You should use a parallel gzip decompressor. Just using standard gzip (which is invoked by tar) is not that.

I think it should be evaluated if parallel gzip decompression is really slower than parallel bzip2 decompression.

I think Zstandard is generally fastest though.

You should use a parallel gzip decompressor. Just using standard gzip (which is invoked by tar) is not that.

Thanks. For reference, I went with tar -I pigz -xf /public/dumps/public/other/enterprise_html/runs/20230220/enwiki-NS0-20230220-ENTERPRISE-HTML.json.tar.gz based on this SO answer.

I agree that zstd is probably going to be the easiest option for fast compression in Go.

However I'd like to point out the benefit of using something other than gzip: it just makes simple data analysis through piping (example) much faster and easier.

On a shared machine with 48 cores I convert the dump from gz to bzip2 and the bottleneck is actually pigz, which just doesn't manage to use that many threads and peaks at around 300 MiB/s output with a couple CPUs used:

$ pigz -dc enwiki-NS0-20230301-ENTERPRISE-HTML.json.tar.gz | pv | lbzip2 -c9 > enwiki-NS0-20230301-ENTERPRISE-HTML.json.tar.bz2 
626GiB 0:37:21 [ 286MiB/s]

In less than 600 min of CPU time I get a bzip2 file which is 64 GB instead of 107 GB (which is also useful if I happen to be I/O bound by a slow reading disk), and I can extract it at about 1500 MiB/s with lbzip2. If I manage to pipe it to something fast enough like grep, this is a huge difference.

Judging from curl -s https://dumps.wikimedia.org/other/enterprise_html/runs/20230301/ | grep -Eo " [0-9]{3,}" | paste -sd+ | bc, your compressed JSON is about 730 GiB, which uncompresses to about 6 times at much, which at 2085 MiB/s with 16 CPUs as stated at https://github.com/klauspost/pgzip#compression-1 means the compression step should be taking you less than 1 hour a day on a 16-core VM, while it might take you 10 times as much with lbzip2 at the speed described above (trivial to reduce by throwing some more CPU at it).

Anyway, even if the daily runs cannot be made fast enough, or if it's too tedious to change your code, it would be worthwhile to convert from gz to bzip2 when you transfer them to the public dumps server, because that will save a lot of time to everyone who downloads from there. It might even make your transfer faster, because the dumps server usually has quite slow network.

This ticket should be split into discussions about compression, vs. "tar".

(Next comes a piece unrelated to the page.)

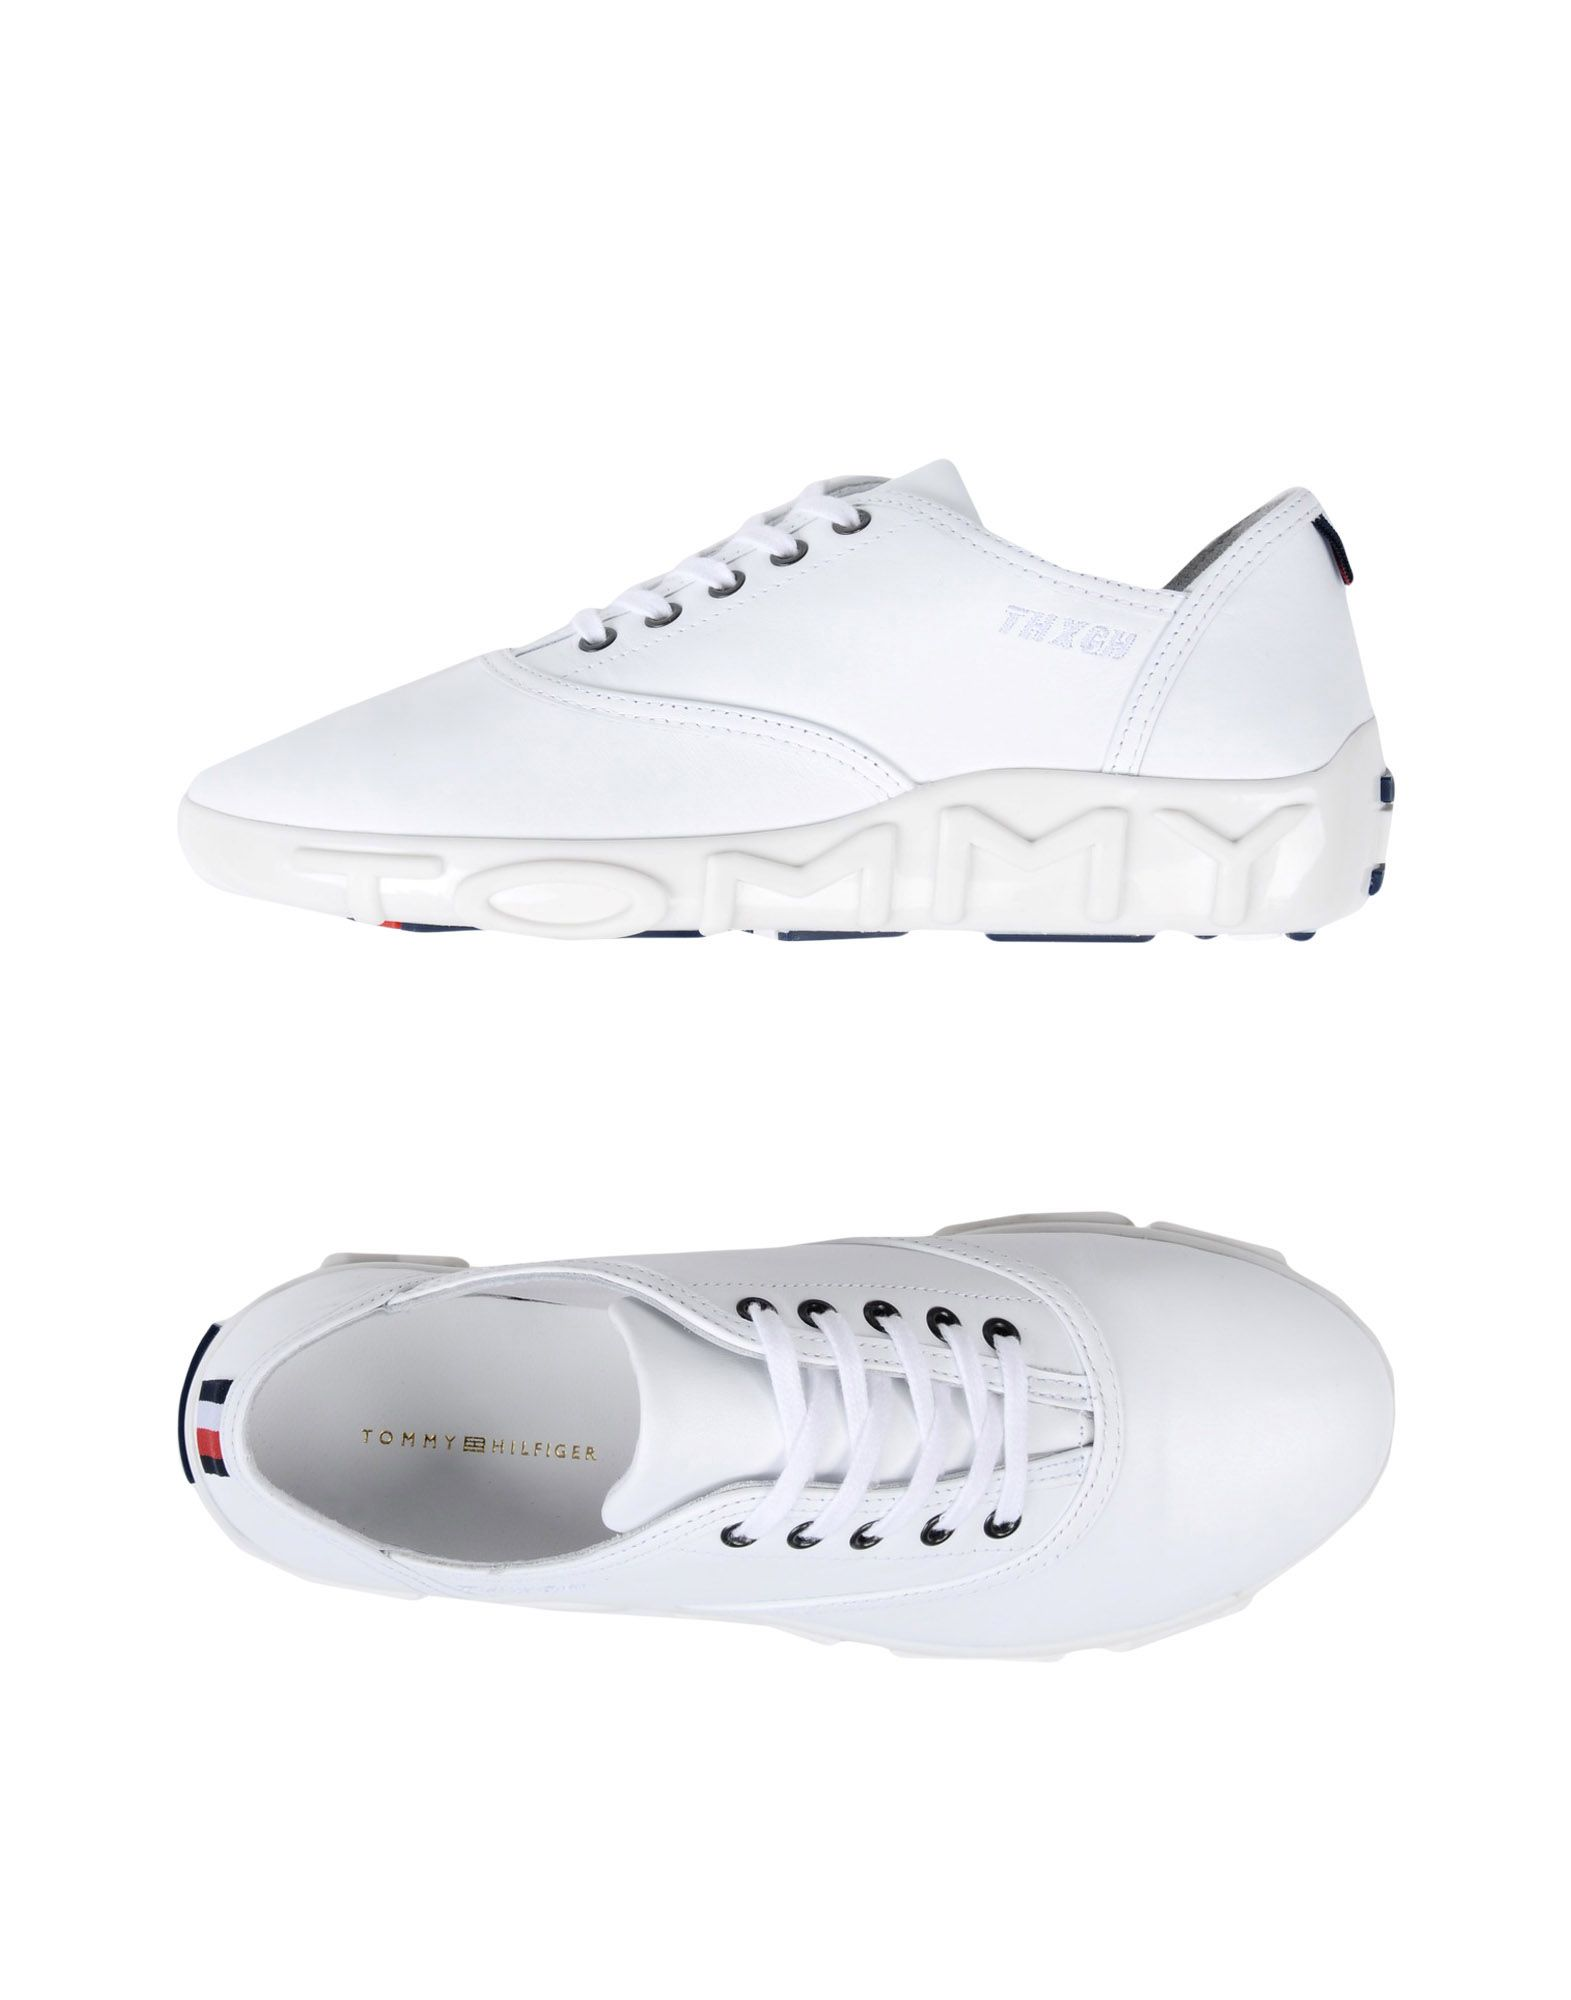 Sneakers Gigi Hadid X Tommy Hilfiger Gigi Hadid Sneaker - Donna - 11447880BI

I'm here because of the tar layer, it's quite inconvenient for our use case which is to stream the dumps through a processor without decompressing to disk. We've discovered the --to-stdout argument to tar which does enable slightly awkward but decent streaming if our processing were simply on the commandline. However, we want to have the processing integrated into an application and although lots of libraries are already available to stream gzip, bzip2, zstandard, etc. there is very little available to process the tar layer. Building a component which streams tar from an abstract input and streams the contents of one file puts us in obscure edge-case territory, unfortunately.

I see that the tar layer was included to accomodate multiple files, but judging by the current dump file directory listing it seems that we're going in the opposite direction, anyway? This is consistent with other dump files and makes sense to me—I'm processing NS0 and I have absolutely no use for pages from other namespaces so it would be a waste to bundle the files together.

Also, thank you for this fantastic new data source! It's incredibly valuable for my current project, nothing else would have included the information I need (other than running the parser on every page as our forebears have done).

I will respond about tar layer in T332045 you made.